The ACLU filed a petition in 2013 seeking invoices submitted to the county by outside firms based on its assertion that those firms engaged in a “scorched earth” litigation policy, dragging out cases even when a settlement was likely.

The ACLU’s petition was granted in 2014.  The Second District Court of Appeal reversed finding the proper inquiry should not consider whether a communication contained an attorney’s advice, but whether an attorney-client relationship exists and whether the communication was transmitted confidentially.

In its ruling, the Supreme Court’s majority took a middle path, distinguishing between invoices related to pending litigation and those related to closed matters.  The critical factor, Cuellar wrote, “is the link between the content of the communication and the types of communication that the attorney-client privilege was designed to keep confidential.”

The majority took pains to portray its reasoning as consistent with the court’s 2009 decision in Costco Wholesale Corp. v. Superior Court, which said that the retailer did not have to turn over any portion of an advice letter issued by its lawyer that contained both confidential and non-confidential information.

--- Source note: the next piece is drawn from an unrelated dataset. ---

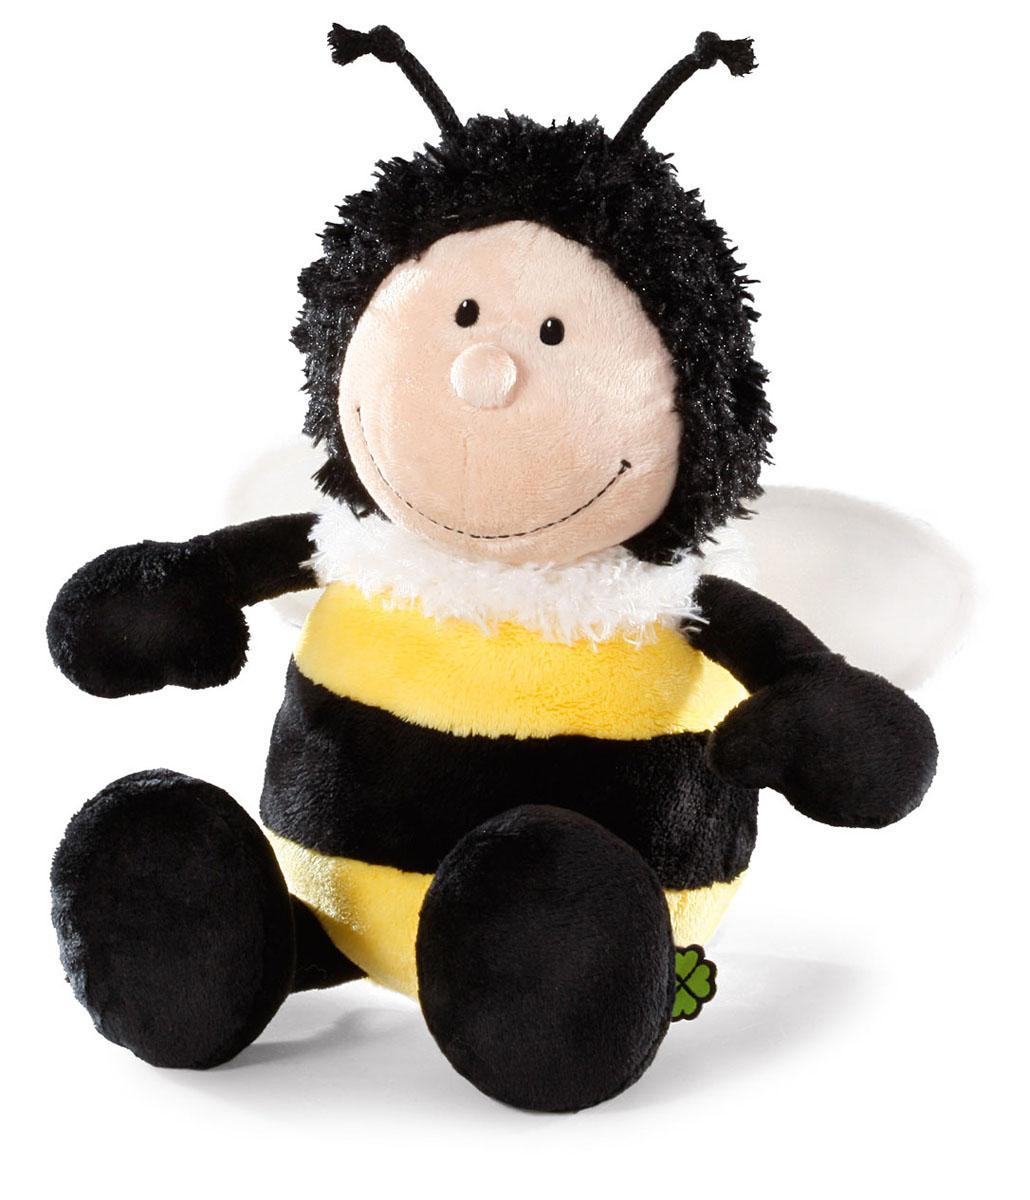 Мягкая игрушка Nici Шмель, сидячая, 15 см36864Мягкая игрушка Nici Шмель выполнена в виде симпатичного шмеля. Удивительно мягкая игрушка изготовлена из высококачественного текстильного материала черного, желтого, бежевого и белого цветов с набивкой из синтепона и пластиковых гранул. Глазки у шмеля пластиковые, вокруг шеи имеется белый пушок, также у него есть усики, а за спиной - небольшие крылышки. Игрушку легко можно посадить на ровную поверхность. Оригинальный стиль и великолепное качество исполнения делают эту игрушку чудесным подарком к любому празднику. Немецкая компания Nici является одним из лидеров на Европейском рынке мягких игрушек и подарков. Продукцию компании можно встретить везде: это и значок на школьном рюкзаке, и магнит на холодильнике, и поздравительная открытка, и мягкая игрушка, и автомобильный талисман. Игрушки Nici - это товары высочайшего качества и инновационного дизайна. Для создания всего одной игрушки работает большое количество людей и используется самое современное оборудование...

But Werdegar found the exercise unconvincing, saying the majority “strains to distinguish Costco, unconvincingly suggesting that when an attorney bills a client for legal services rendered, he or she steps outside the role of a lawyer and into the role of an accountant.”

Jennifer Henning, who submitted an amicus curiae brief on behalf of the California State Association of Counties and the League of California Cities, said the decision’s basic holding that billing records are not subject to disclosure during pending litigation is largely what her group proposed.  “That’s really helpful because those billing records do reveal a litigation strategy, while private parties don’t have to do that,” she said.

However, Henning said the ruling is not entirely clear in its application to non-litigation circumstances and how the privilege status of a particular item changes over time.

Fleischman, who filed an amicus brief backing the county for the Association of Southern California Defense Counsel, said his group is happy with the core holding that legal bills are shielded from exposure during active litigation.  As for whether the decision will have impact outside public records requests, Fleischman said “I think we just have to wait and see how that plays out.”